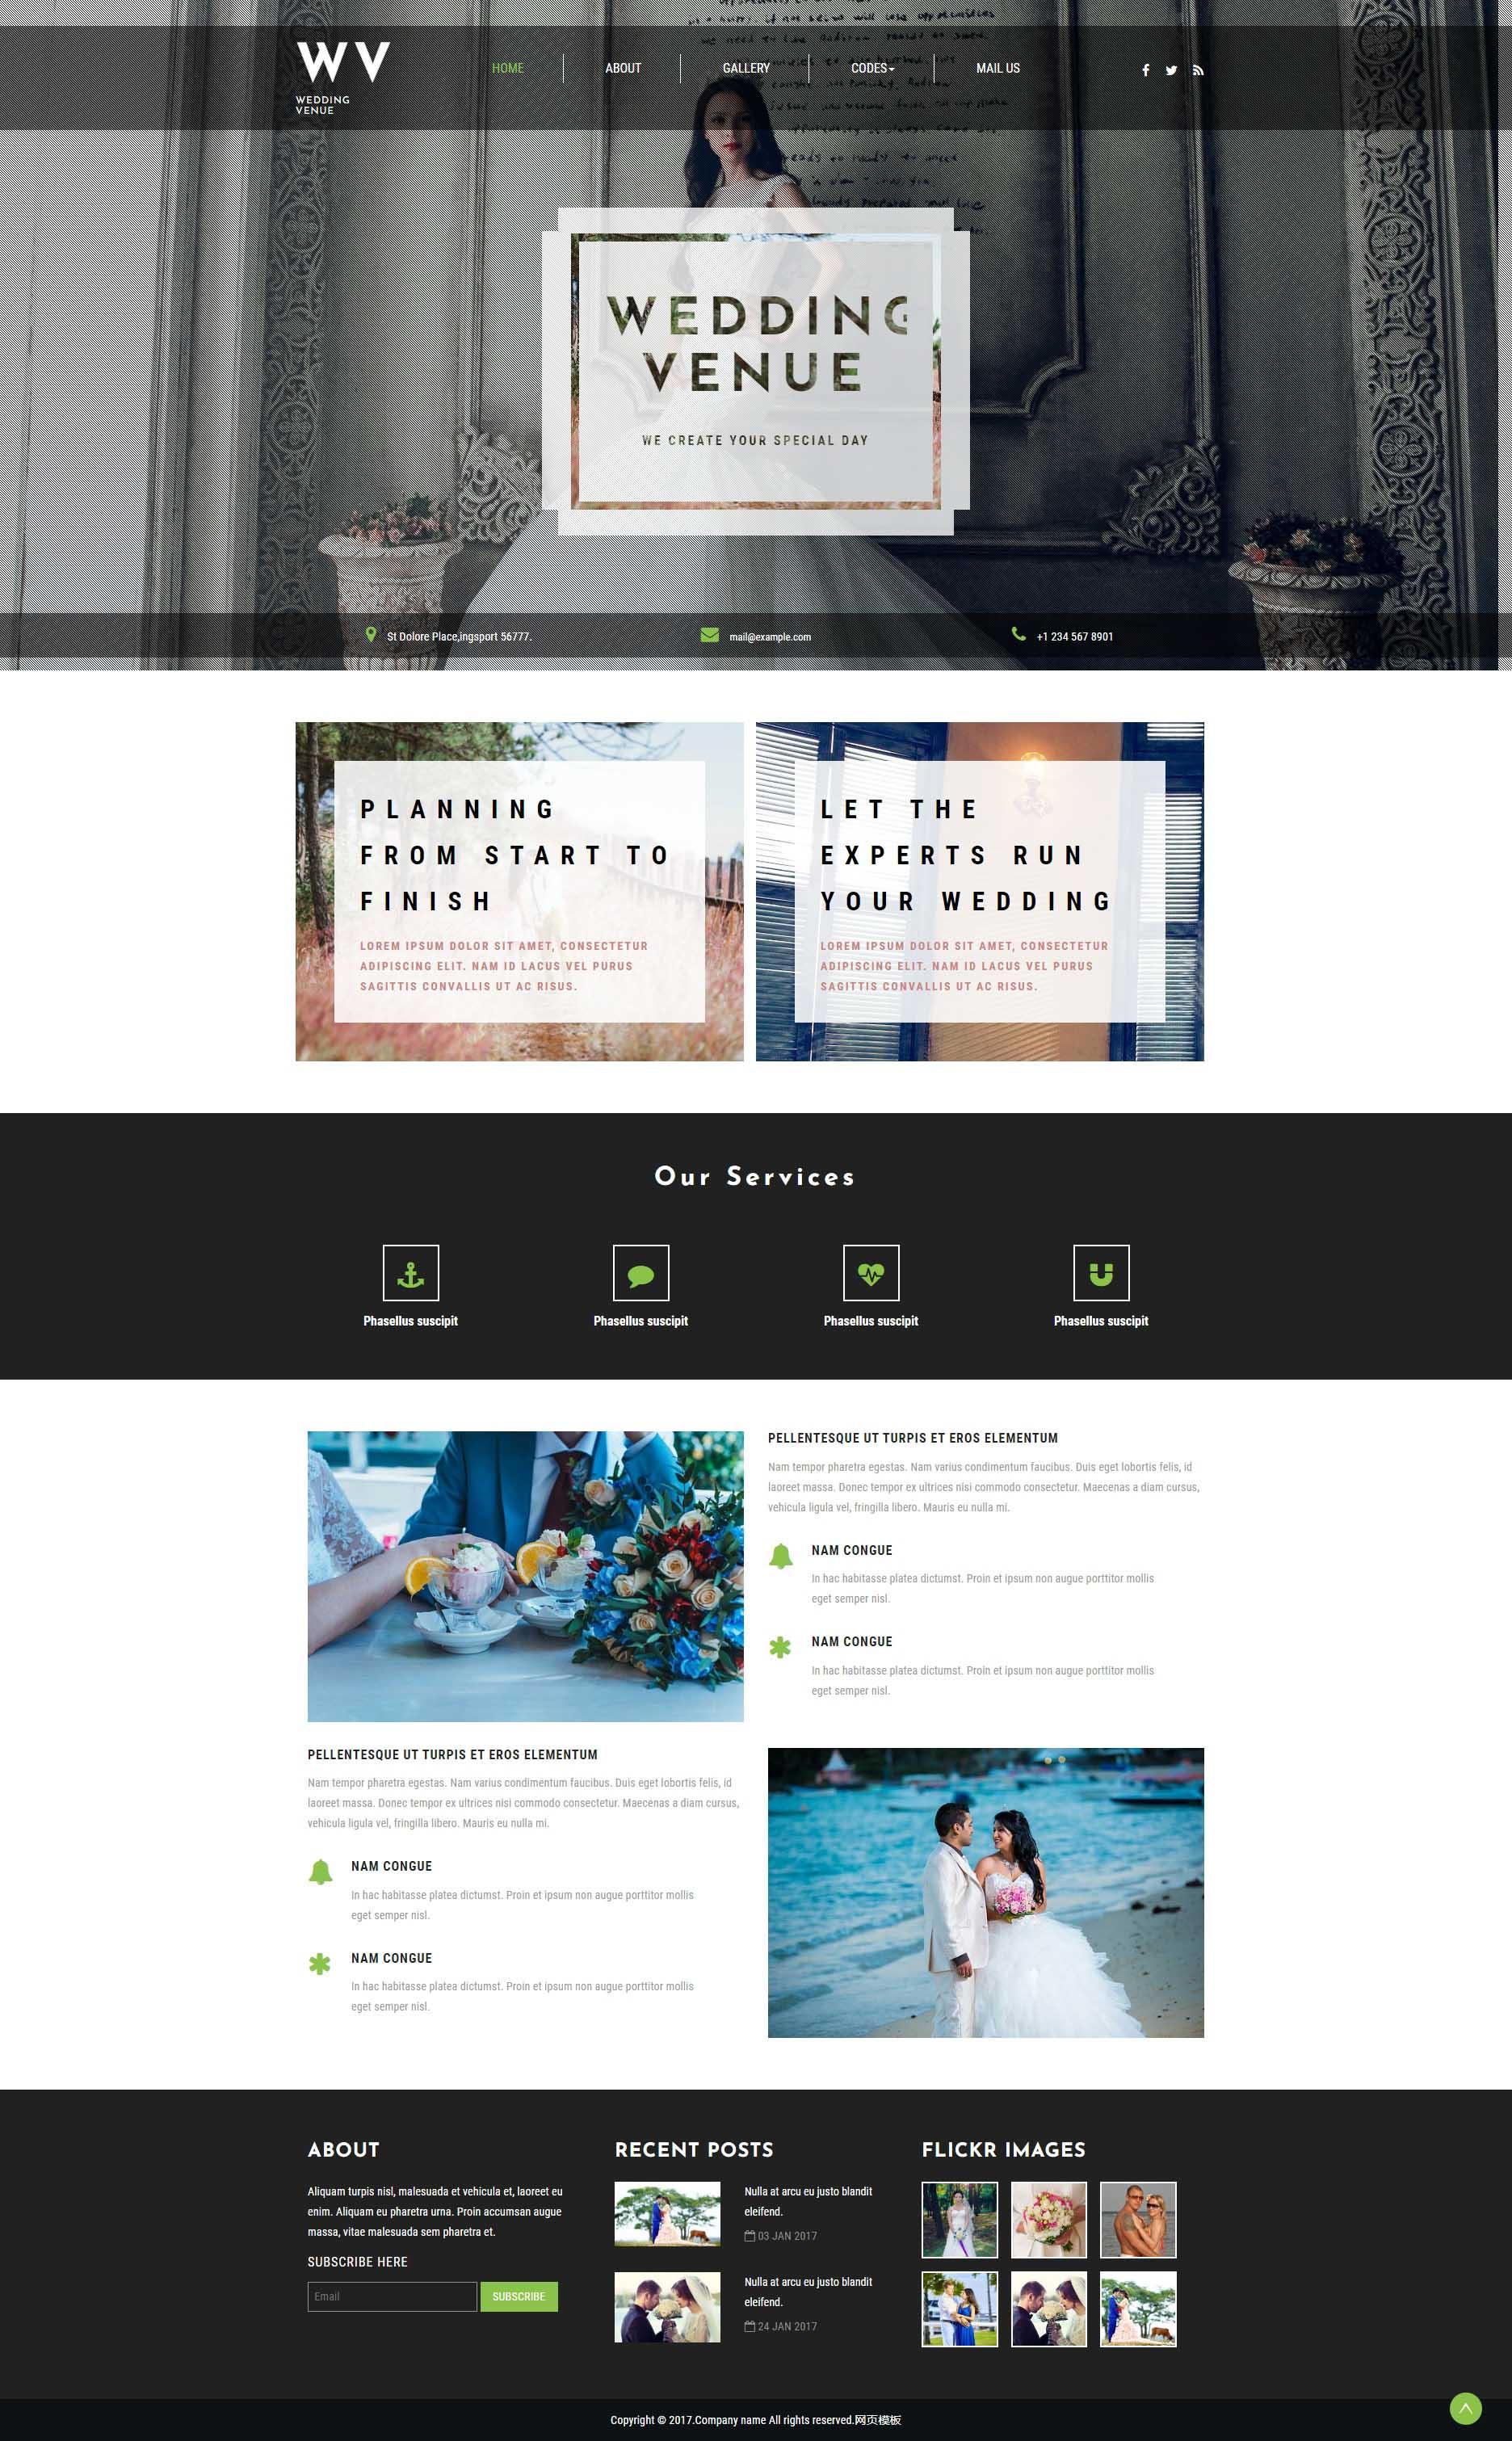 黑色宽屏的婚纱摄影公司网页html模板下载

---

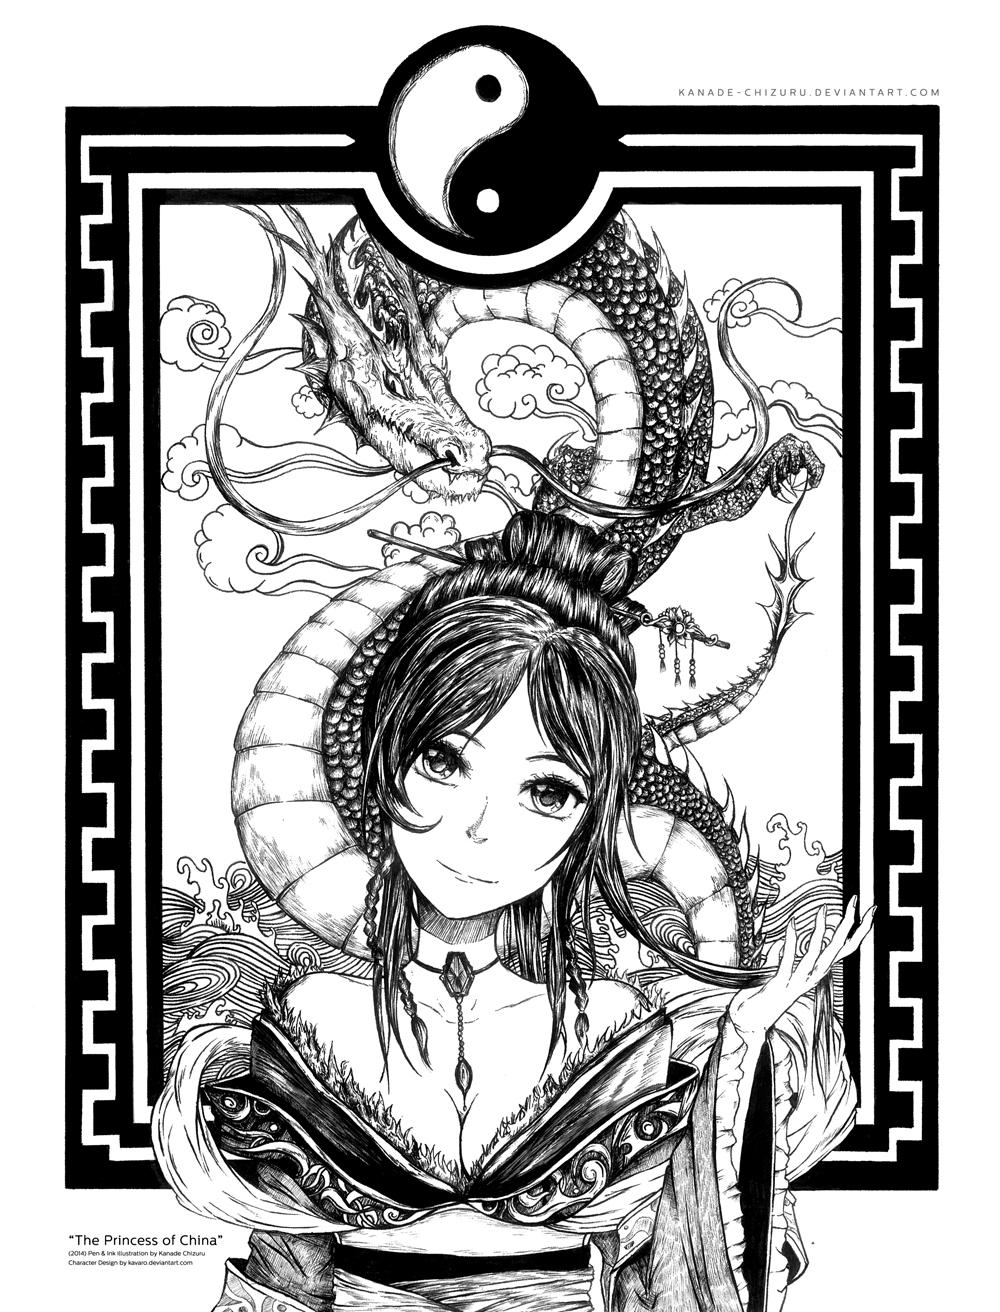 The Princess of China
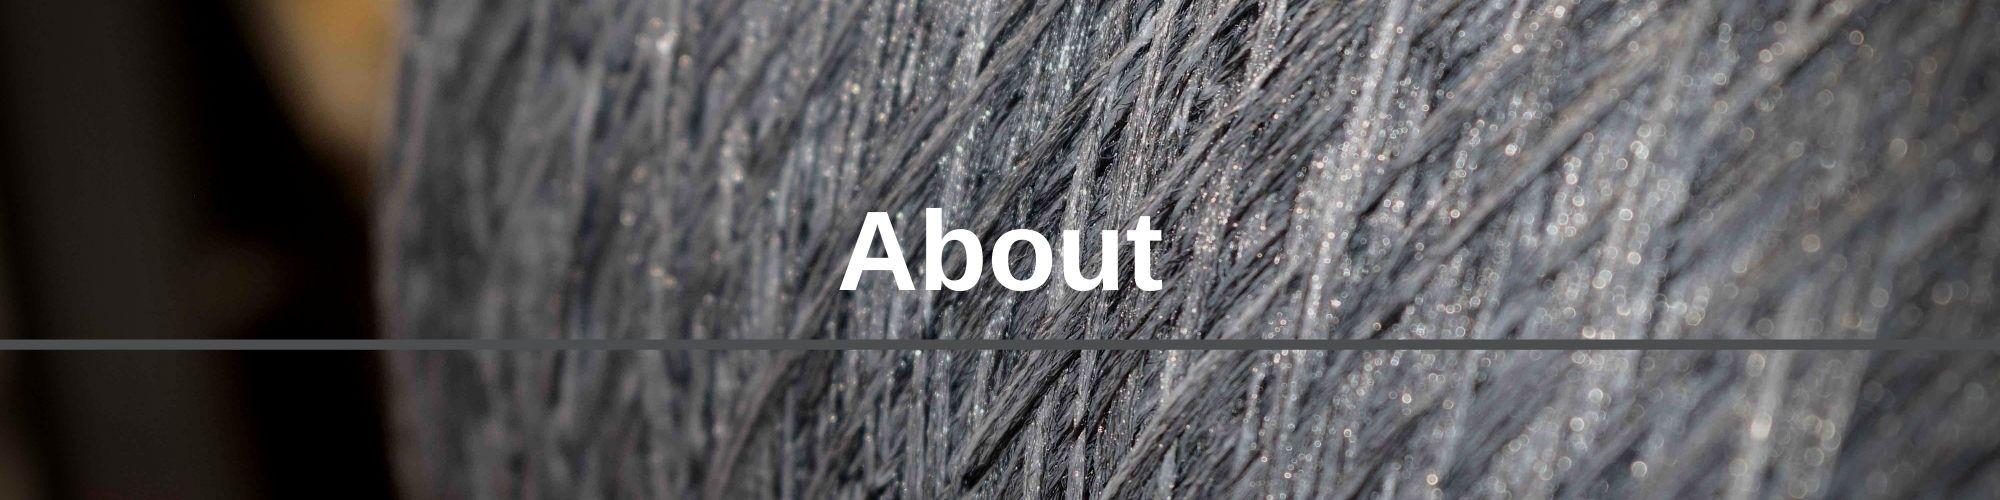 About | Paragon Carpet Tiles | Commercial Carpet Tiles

WORK REQUIRED >> Starting at the line containing "The Princess of China" and stopping at the line containing "About | Paragon", output every line above exactly, both ends included, with pictures omitted.

ANSWER AREA >>
 The Princess of China
 About | Paragon Carpet Tiles | Commercial Carpet Tiles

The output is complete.